--- Exercise description ---
Please write the listing below out again exactly, leaving every picture behind.

--- Recorded information ---
········

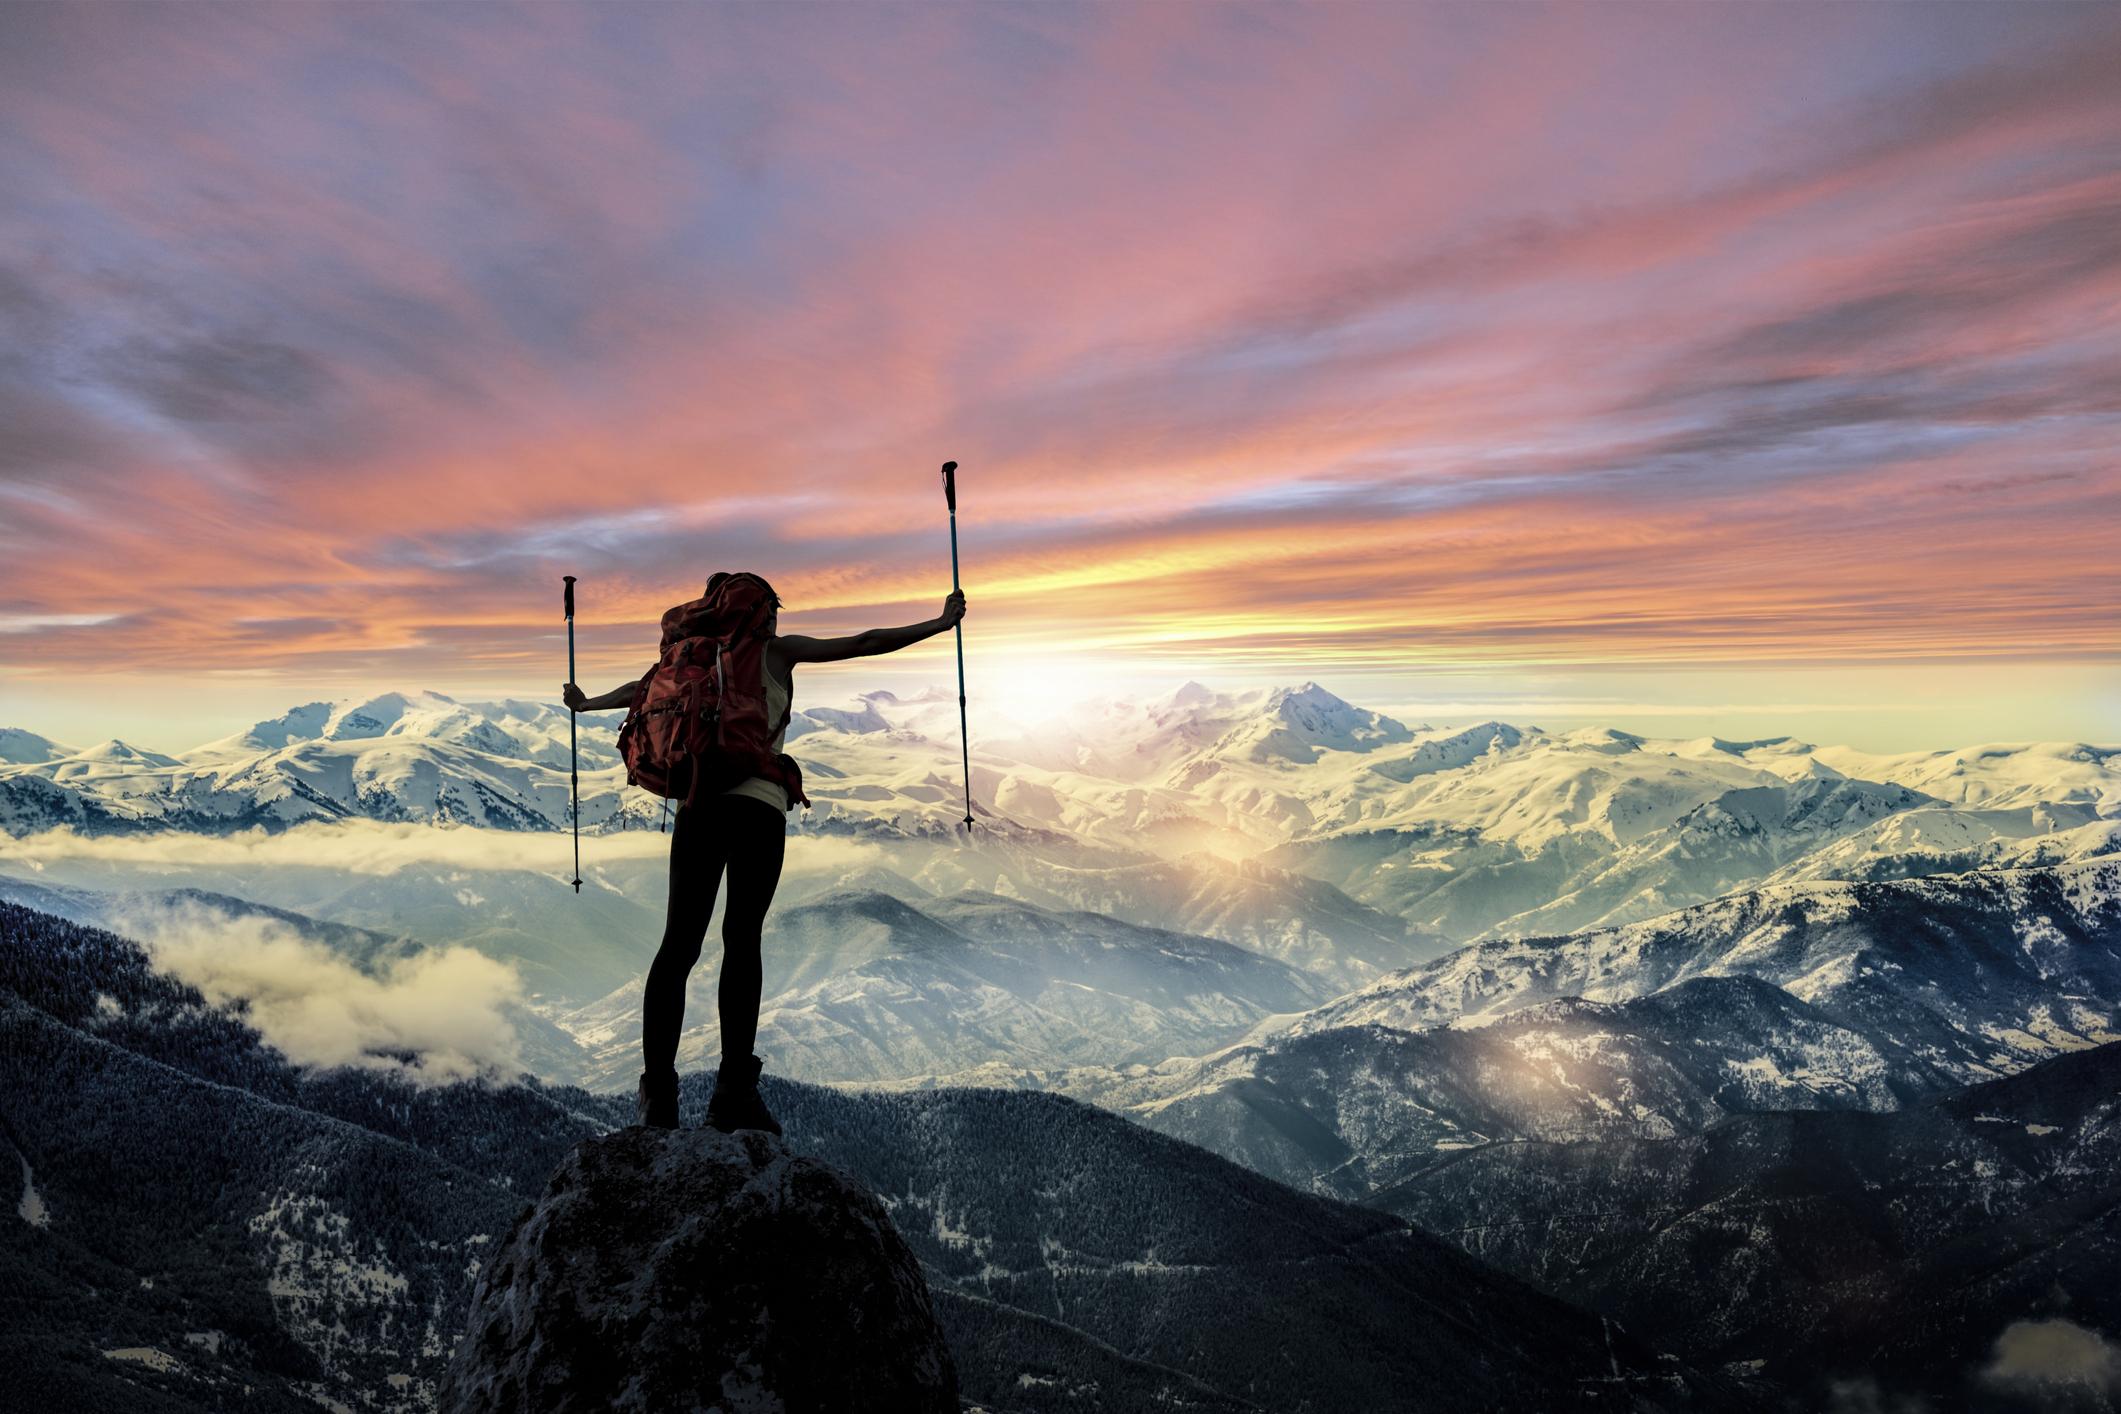 Hiker Silhouette at mountain peak
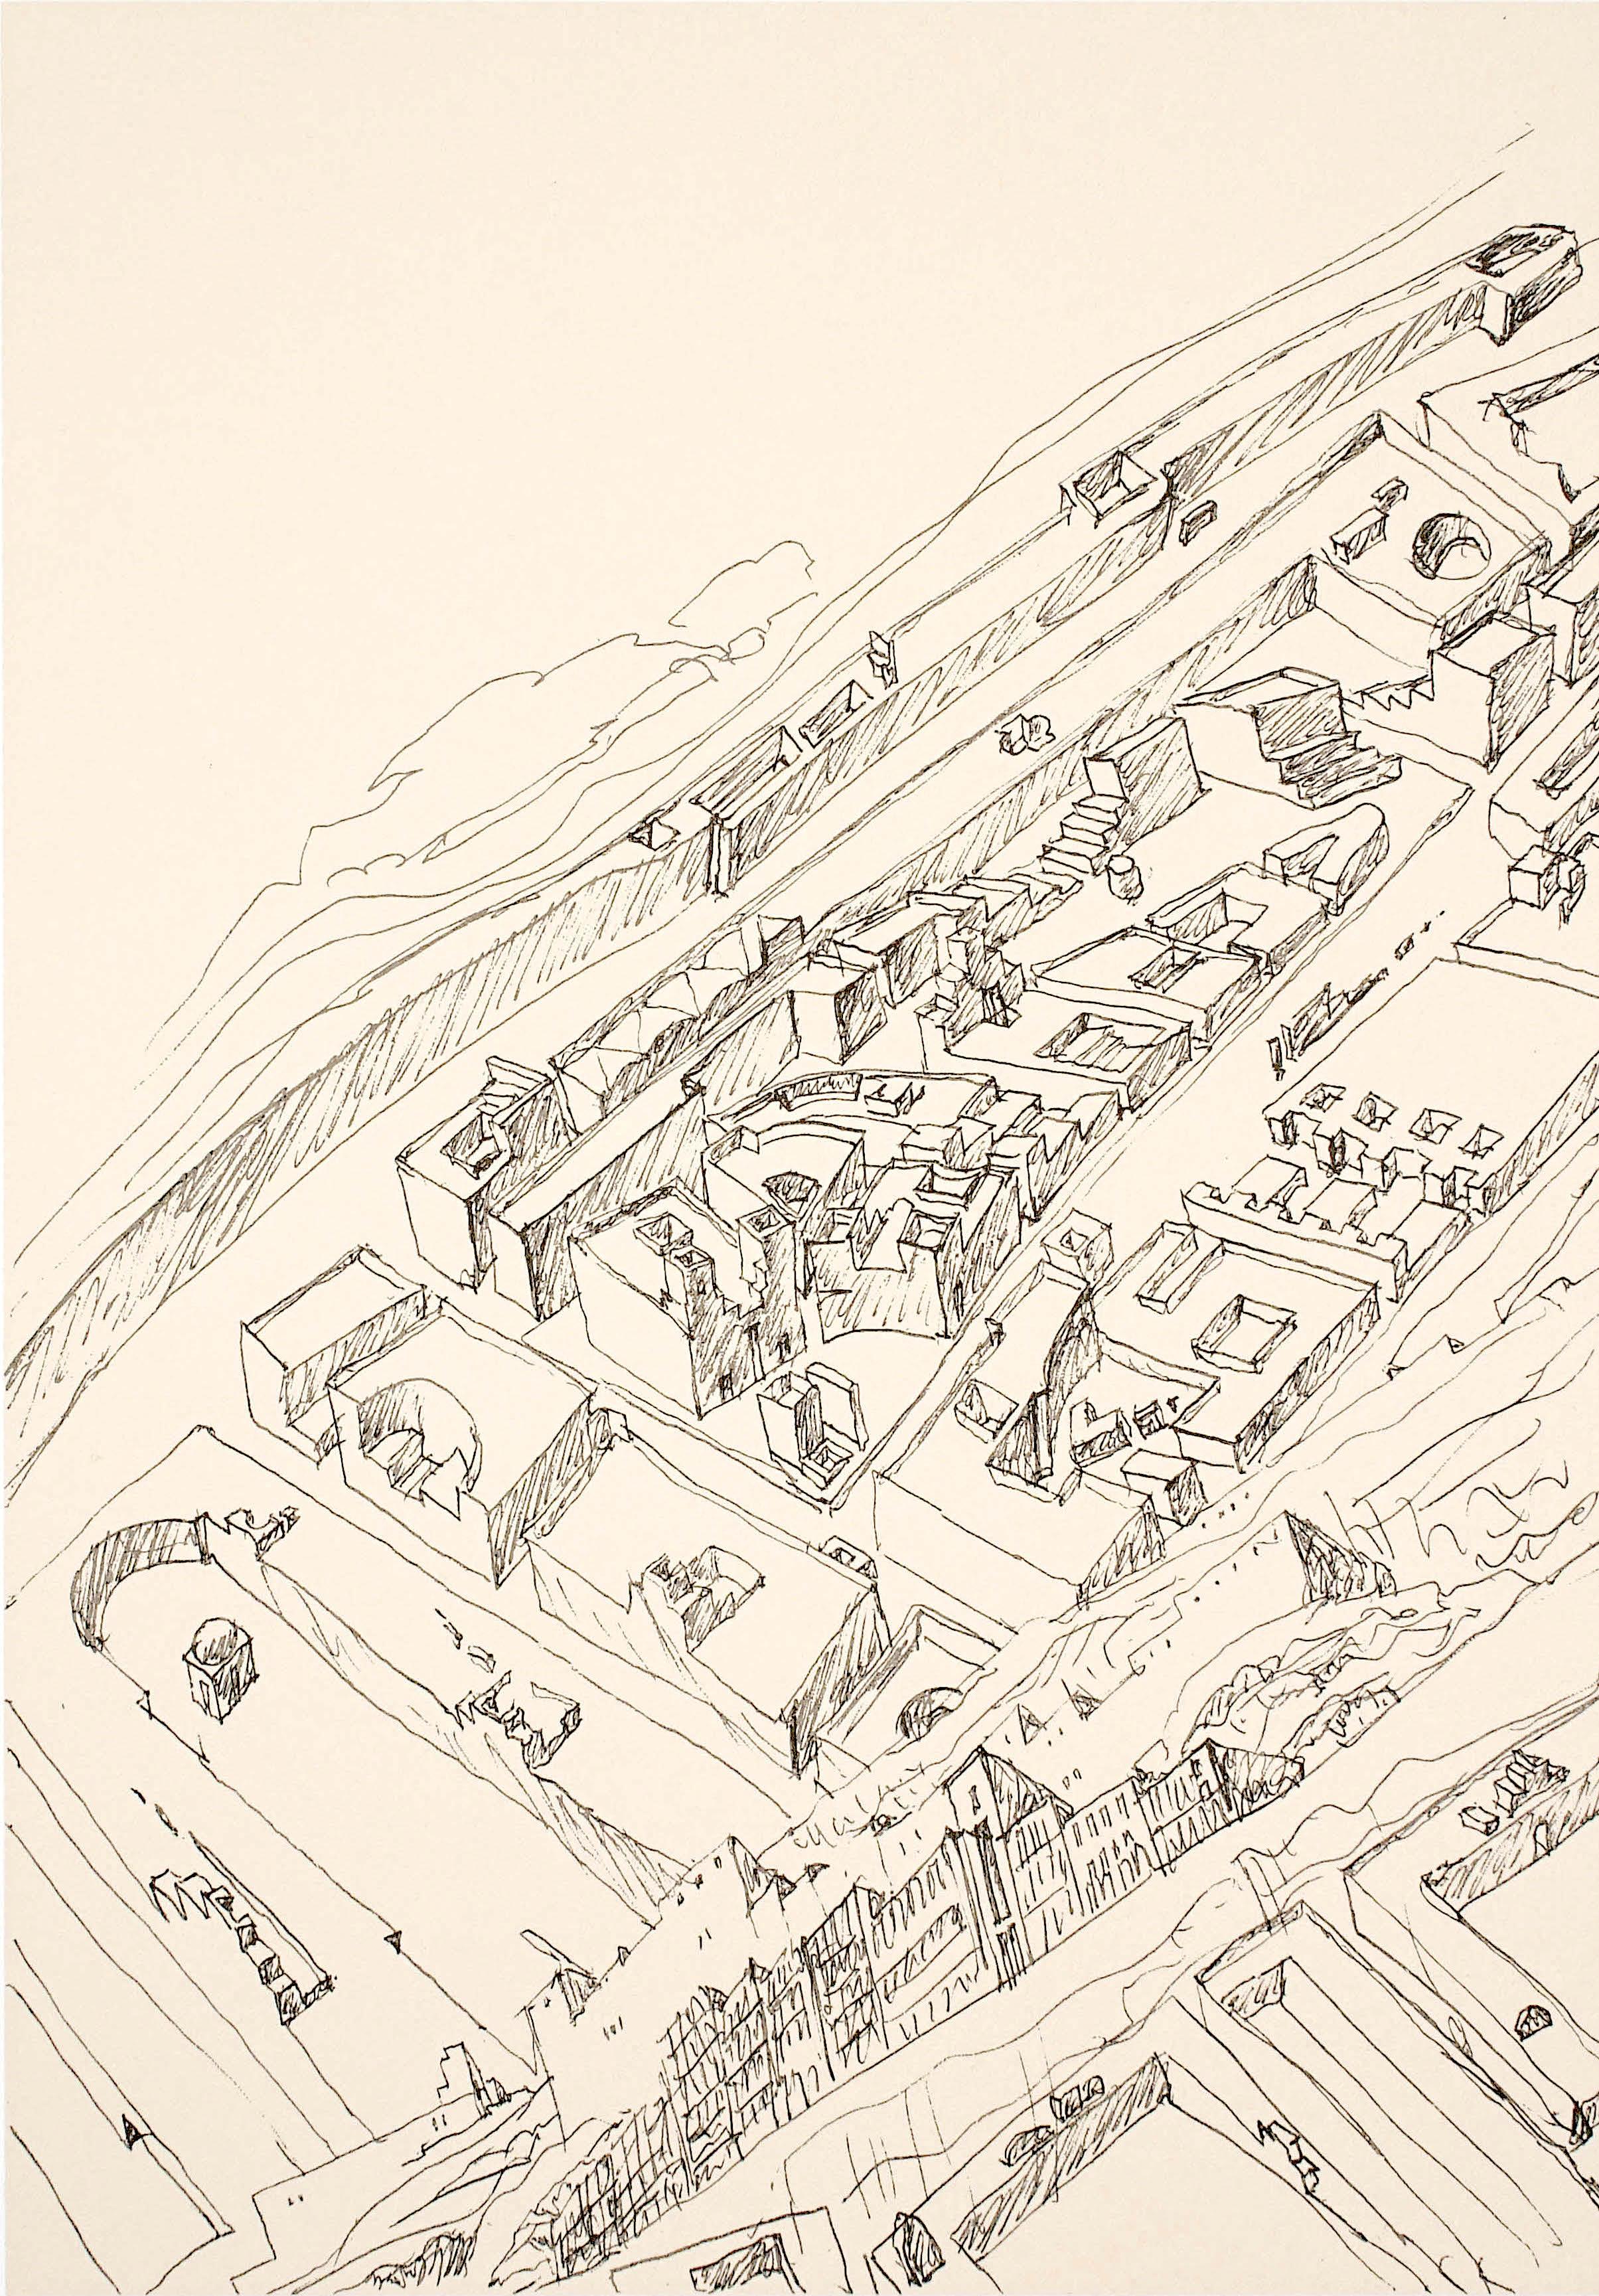 A drawing by architect Álvaro Siza.
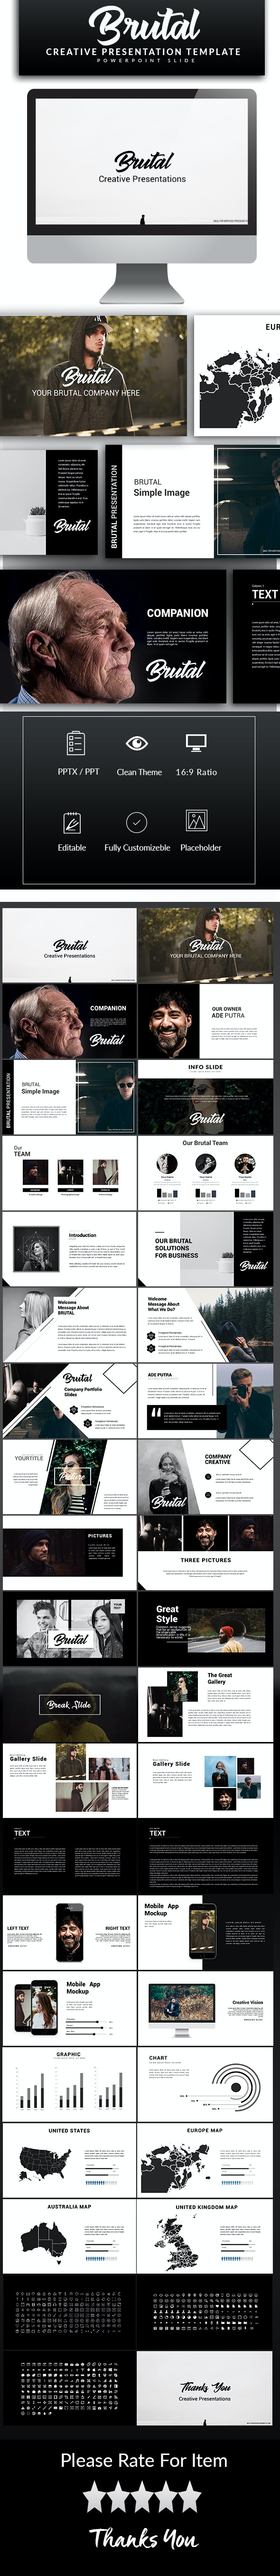 Brutal Powerpoint Template - PowerPoint Templates Presentation Templates

········

--- Task output ---
 Hiker Silhouette at mountain peak
 A drawing by architect Álvaro Siza.
 Brutal Powerpoint Template - PowerPoint Templates Presentation Templates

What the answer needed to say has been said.